ArtWomb · on Jan 8, 2020

Link to ACM library paper:

https://dl.acm.org/doi/10.1145/3368086

helltone · on Jan 8, 2020

I have encountered many real world cases where I needed less precision/range than what float/double had available. But usually I found fixed point was a better solution than reduced precision floats. I wonder what applications are there that can deal with reduced precision but somehow still need the range you get with an exponent?

CodesInChaos · on Jan 8, 2020

16-bit floats with an 8-bit exponent and a 7+1 bit mantissa are popular for neural networks, because they have the same range as standard 32-bit floats while taking have the memory and memory bandwidth.

https://en.wikipedia.org/wiki/Bfloat16_floating-point_format

helltone · on Jan 8, 2020

Interesting, although I believe most neural nets nowadays have moved to use linear (relu) activation, which again removes the need for exponent and would work really well with fixed point.

Here's a reference using 16-bit fixed point neural nets http://ieeexplore.ieee.org/document/7011421/?part=1

nwallin · on Jan 8, 2020

How does this compare to boost::multiprecision?

https://www.boost.org/doc/libs/1_72_0/libs/multiprecision/do...

brandmeyer · on Jan 8, 2020

Ironically, the section labeled "What FloatX is NOT" tells you more about what it is than what it isn't.

Its a system for emulating narrower precision floating-point arithmetic using native machine-width floating point.
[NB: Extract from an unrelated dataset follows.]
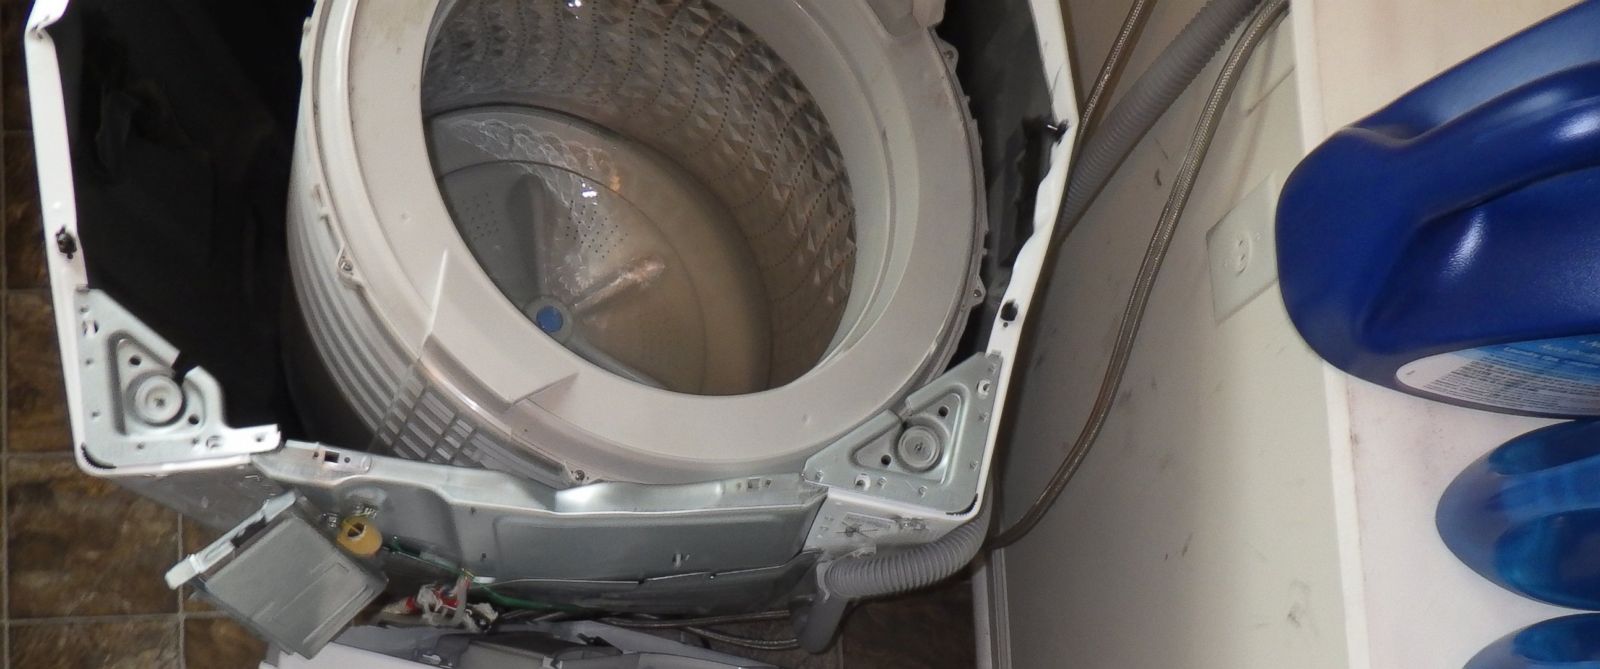 Sau Note 7 đến máy giặt Samsung phát nổ

The author's claim that its much faster than using the integer unit for this purpose.

Boost::multiprecision and MPFR are libraries to execute higher-precision arithmetic, commonly using the integer hardware to do so.

jcranmer · on Jan 8, 2020

Emulating narrower using larger floating-point arithmetic can be dodgy, since you open yourself up to double rounding scenarios. For the IEEE 754 types (half, single, double, and quad), it is the case that the primitive operations (+, -, *, /, sqrt) are all correctly rounded if you emulated it by converting to the next size up, doing the math, and converting it down. For non-IEEE 754 types (such as bfloat16, or the x87 80-bit type), this is not the case, so double rounding is a possible concern.

stkdump · on Jan 8, 2020

That section also says:

> it is not likely that FloatX will be useful in production codes (sic).

I would be interested in why the author thinks that. Quality of implementation issue? Or is it in reference to the statement before that it is WIP?

nwallin · on Jan 8, 2020

Wow thanks! Yeah that wasn't clear to me at all. I hadn't considered the need for a floating point library that is less precise (and less performant!) than the 32/64 bit native types.

bhuthesh_r · on Jan 8, 2020

I'm trying to use 16 bit floats for matrix multiplication on x86-64. I found solutions for ARM and some NVIDIA GPUs but none for any X86-64 chips. Any pointers in this direction would be helpful.

integricho · on Jan 8, 2020

Here is a little sample code I threw together, it shows the whole cycle, from conversion to half-floats to the conversion back to floats and performing a simple multiplication of the values:

https://godbolt.org/z/FYu_rK

Hope it helps.

bhuthesh_r · on Jan 9, 2020

Thank you.

helltone · on Jan 8, 2020

https://github.com/google/gemmlowp

igorkraw · on Jan 8, 2020

Ha, very cool to see this here, I briefly worked with one of the authors in Zurich^ ^